The graph below the output of this processing, relative to the 5-year average.

alt text

It is useful to compare my results against a graph that appears in the weekly COVID-19 surveillance report from Public Health England (PHE). They receive daily registration data from the General Register Office (GRO) and adjust it to allow for registration delays using historical data and their own statistics. I would expect this PHE daily data to follow a similar trend to the corresponding weekly data.

It is easy to compare my weekly data (see above - blue and green) with the PHE daily data (see below - black and blue). The fact that both distributions are so similar gives my additional confidence that the process described in this document has produced an accurate result.

alt text

Summary

I’m extremely happy with the end result of this processing as it has allowed me to show an accurate representation of weekly deaths (based on date of occurrence) compared to historical data in my study of excess deaths over the past 50 years.

The main spreadsheet for the study is “ons_weekly_deaths.xlsx” and it can be found on GitHub.

Aside from this processing the rest of the data preparation for the study was relatively straightforward and was completed using SQL.

All of the data and scripts can be found in the project on GitHub.

Appendix - Data Sources

Daily death occurrences, England and Wales: 1970 to 2018

Summary: ONS datasets were used to produce “daily_deaths_1970-2018.csv” and they were loaded into MariaDB using SQL.
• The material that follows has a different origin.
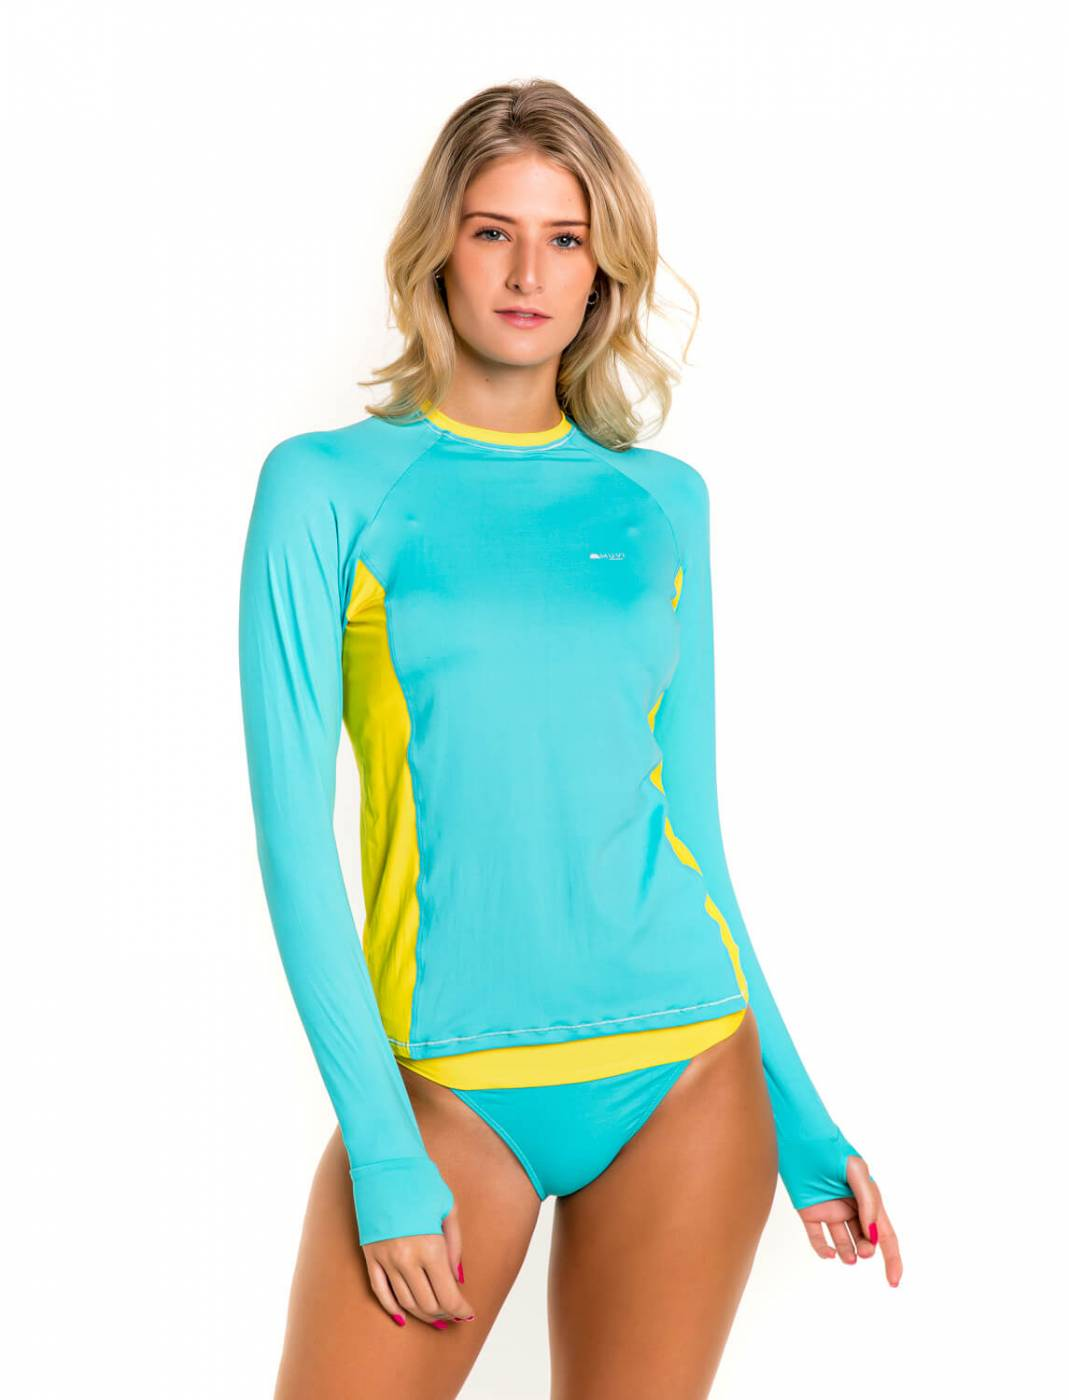 Camisa Feminina Slim Proteção Solar FPU50+ Muvi - Maldivas

Data for Jan 1970 - Dec 2014

Downloaded the spreadsheet associated with request 005549 - “Daily death occurrences, 1970-2014.xlsx”.

The data came from the worksheet named “National daily deaths”. The year + month + day were converted to yyyy-mm-dd.

Data for Jan 2015 - Dec 2018

Downloaded the spreadsheet associated with request 11178 - “dailydeathsfinal.xlsx”.

The data came from the worksheet named “Table”. The year + month + day were converted to yyyy-mm-dd.

SQL Scripts

The scripts “create_daily_deaths.sql” and “insert_daily_deaths_1970-2018.sql” were used to load the CSV into MariaDB.

Daily death occurrences, England and Wales (provisional): 2019

The dataset accompanying the Excess Winter Mortality publication was used to produce “daily_deaths_provisional_2019.csv”.

Data for Jan 2019 - Jul 2019

Downloaded the spreadsheet associated with Excess winter mortality in England and Wales (2018-2019) - “referencetable.xls”.

The data in the worksheets named “3a” (England) and “3b” (Wales) was combined and saved as a CSV.

SQL Script

The script “insert_daily_deaths_provisional_2019.sql” was used to load the CSV into MariaDB.

Deaths registered weekly in England and Wales, provisional: 2019

Data for Aug 2019 - Dec 2019

Downloaded the latest spreadsheet for 2019 from Deaths registered weekly in England and Wales, provisional: 2019 - “publishedweek522019.xls”.

Deaths registered weekly in England and Wales, provisional: 2020

Data for Jan 2020 - Jul 2020

Downloaded the latest spreadsheet for 2020 from Deaths registered weekly in England and Wales, provisional: 2020 - “publishedweek282020.xlsx”.